BROWN: Coming up next: the green light for one more day of testing in the Gulf, as the feds and BP try to explain what's happening now with the ruptured well.

And Sarah Palin tweets about those plans to build the mosque near ground zero speaking in fluent Palinese -- coming up.

(COMMERCIAL BREAK)

BROWN: Despite test results showing possible methane gas leaks and seepage and unusual pressure readings, the BP well in the Gulf will stay sealed another day. That is the latest word from the man in charge of the government's response, Thad Allen.

Thad called -- or Allen, rather, called the seepage minor four days after BP halted the leak with a new cap. Take a listen.

(BEGIN VIDEO CLIP)

ADMIRAL THAD ALLEN (RET.), NATIONAL INCIDENT COMMANDER: The small seepages we are finding right now do not present, at least at this point, any indication that there is a threat to the wellbore. If we think that was going to happen, we would be taking immediate action.

Now, having said that, if there is any indication of a precipitous drop in pressure or any reason why we might need to do something about it, we would need to have to vent immediately to let -- relieve the pressure on the well and move to longer-term containment.

(END VIDEO CLIP)

BROWN: And David Mattingly is joining us right now from New Orleans.

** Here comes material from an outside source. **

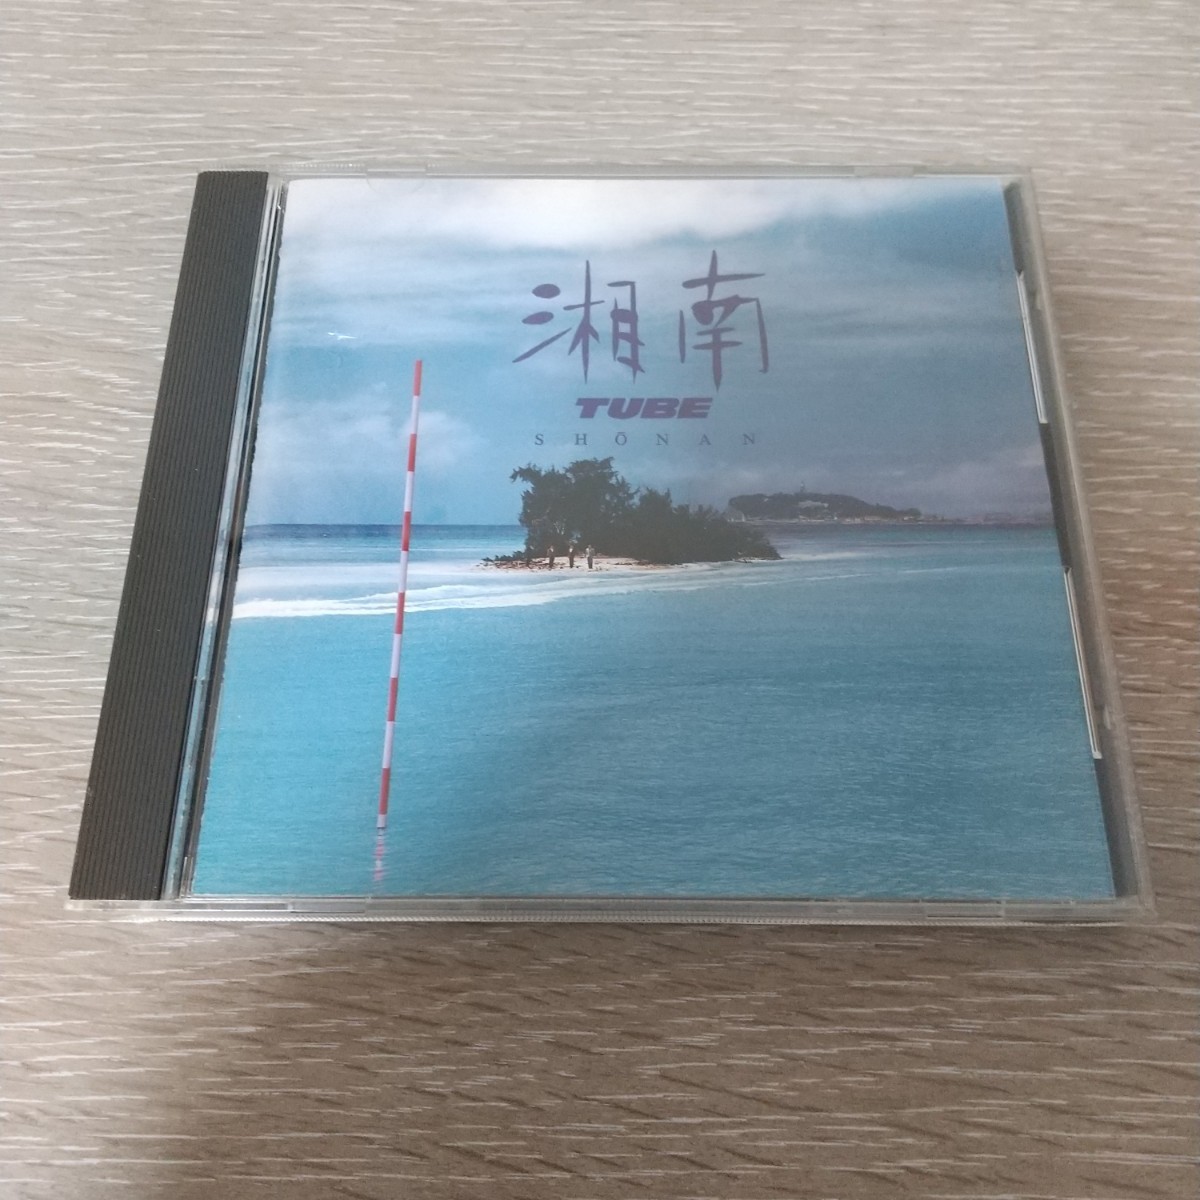 TUBE 湘南 限定盤 CD キャリングケース(缶ケース)付き_画像9

And, David, why does Admiral Allen think that the seepage, think that these pressure readings and the leaks are not a problem?

DAVID MATTINGLY, CNN CORRESPONDENT: Well, that primary area of seepage that they have been talking about is about two miles or so away from the well itself.

They don't believe it is actually a part of this well or part of the reservoir that this well is tapped into. But they are doing some tests. They are going to make sure, as they go along, and they are going to continue to watch it, just as they are watching everything else around in the area.

They are using specialized equipment that can sort of detect these sort of -- these methane gases that are in the water. They have encountered some anomalies, and they are watching that as well.

Again, they don't believe that there's any problem with this well yet. They have received no negative indication that this well has lost any of its integrity, is actually leaking or anything like that, because, as you heard Thad Allen say, that, if they did see this, they would open this well back up immediately and then make plans to capture that oil and send it up to the surface.

BROWN: So, David if they are going to continue with this test over another day or so, explain to us what exactly they are watching for. What's going to tell them for sure whether it's working, whether it's holding the way they want it to?

MATTINGLY: They have seismic equipment that is checking the seafloor. They are watching for any sort of anomalies down there. They are watching for perhaps the possibility that oil might seep out of the well and displace some of the water that might be down there around the well down below.

They are watching things like that. They are also watching with specialized sound equipment, acoustic equipment, that they are watching for those clouds of potential methane gas popping up in the water itself. So, it's a very intense technical operation that they have going out there just to make sure that there's nothing that they can't see with the naked eye that is going on down there.

BROWN: All right, David Mattingly with the very latest for us tonight -- David, thank you.

Coming up: a CNN exclusive -- from fishermen to heroes. Anderson Cooper talks to the first people to respond to the desperate calls for help from the Deepwater Horizon. We will have their story coming up next.

(COMMERCIAL BREAK)

BROWN: It was April 20, and three friends were fishing in the Gulf of Mexico. Suddenly, they received a mayday call from the Deepwater Horizon oil rig.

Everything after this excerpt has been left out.